— EXERCISE DATA —
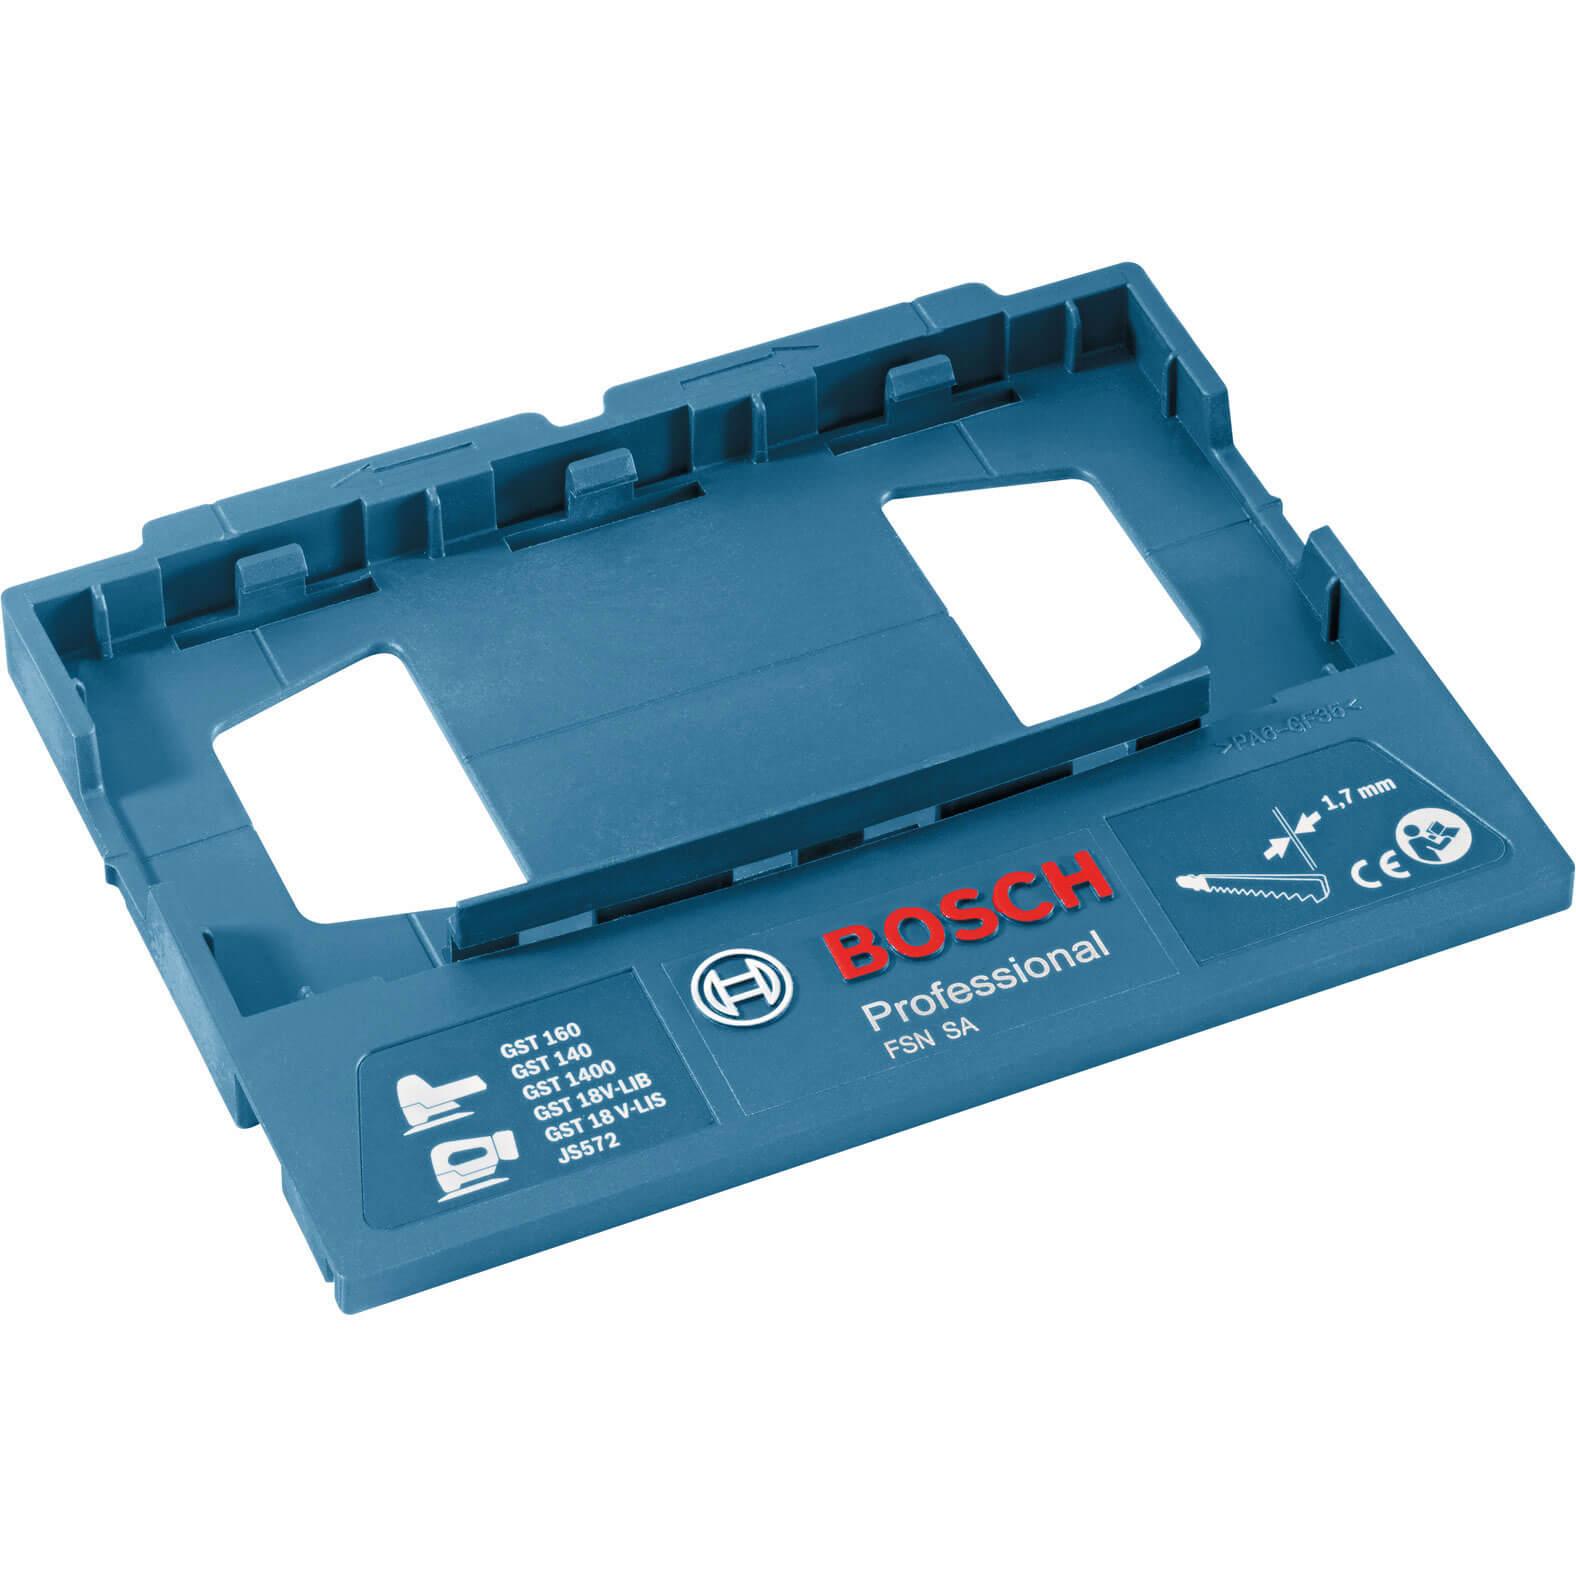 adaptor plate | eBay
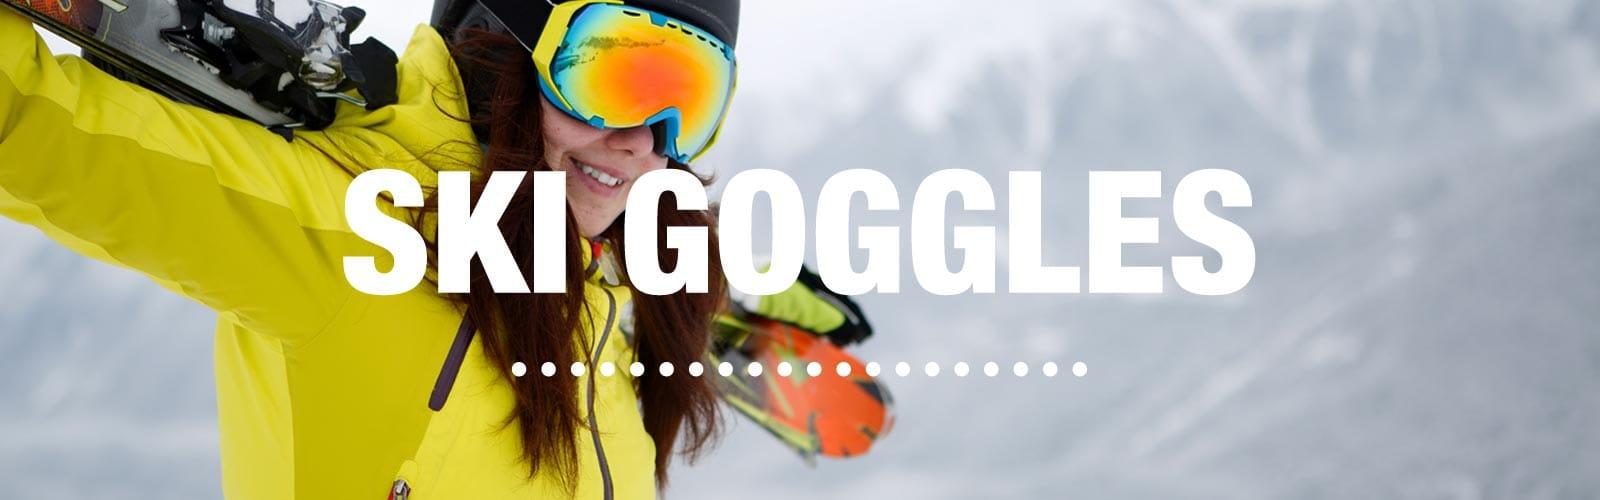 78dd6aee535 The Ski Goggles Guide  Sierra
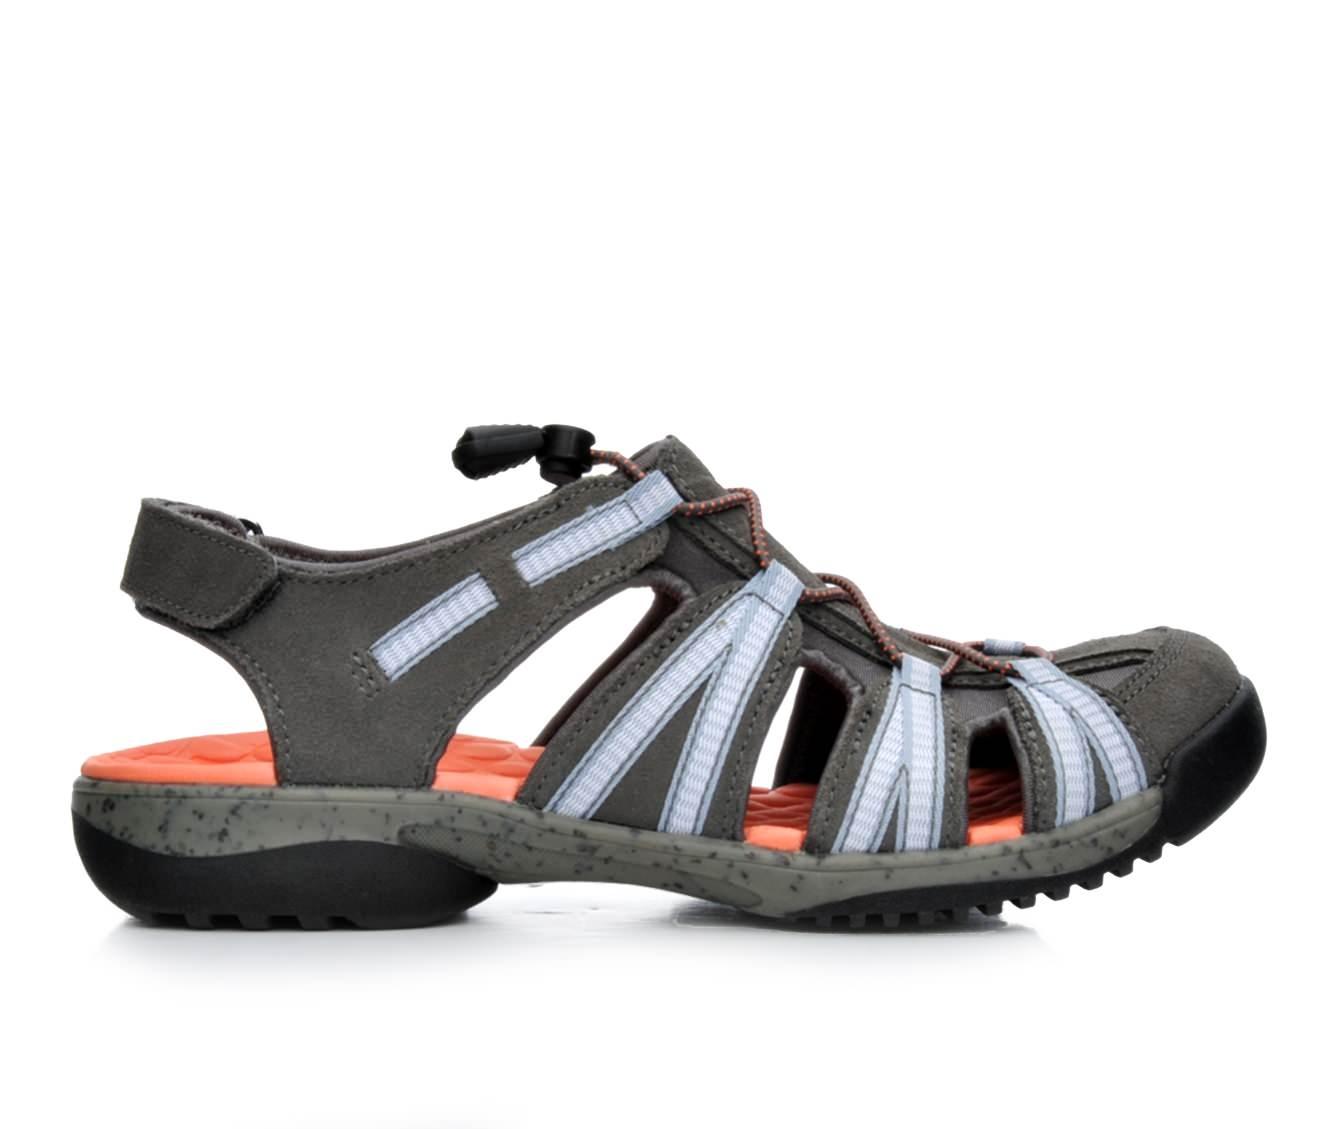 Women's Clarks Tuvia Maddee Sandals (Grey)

— WHAT IS BEING ASKED —
Output the listing above exactly as it stands; no picture should appear.

— EXERCISE ANSWER —
 adaptor plate | eBay
 78dd6aee535 The Ski Goggles Guide  Sierra
 Women's Clarks Tuvia Maddee Sandals (Grey)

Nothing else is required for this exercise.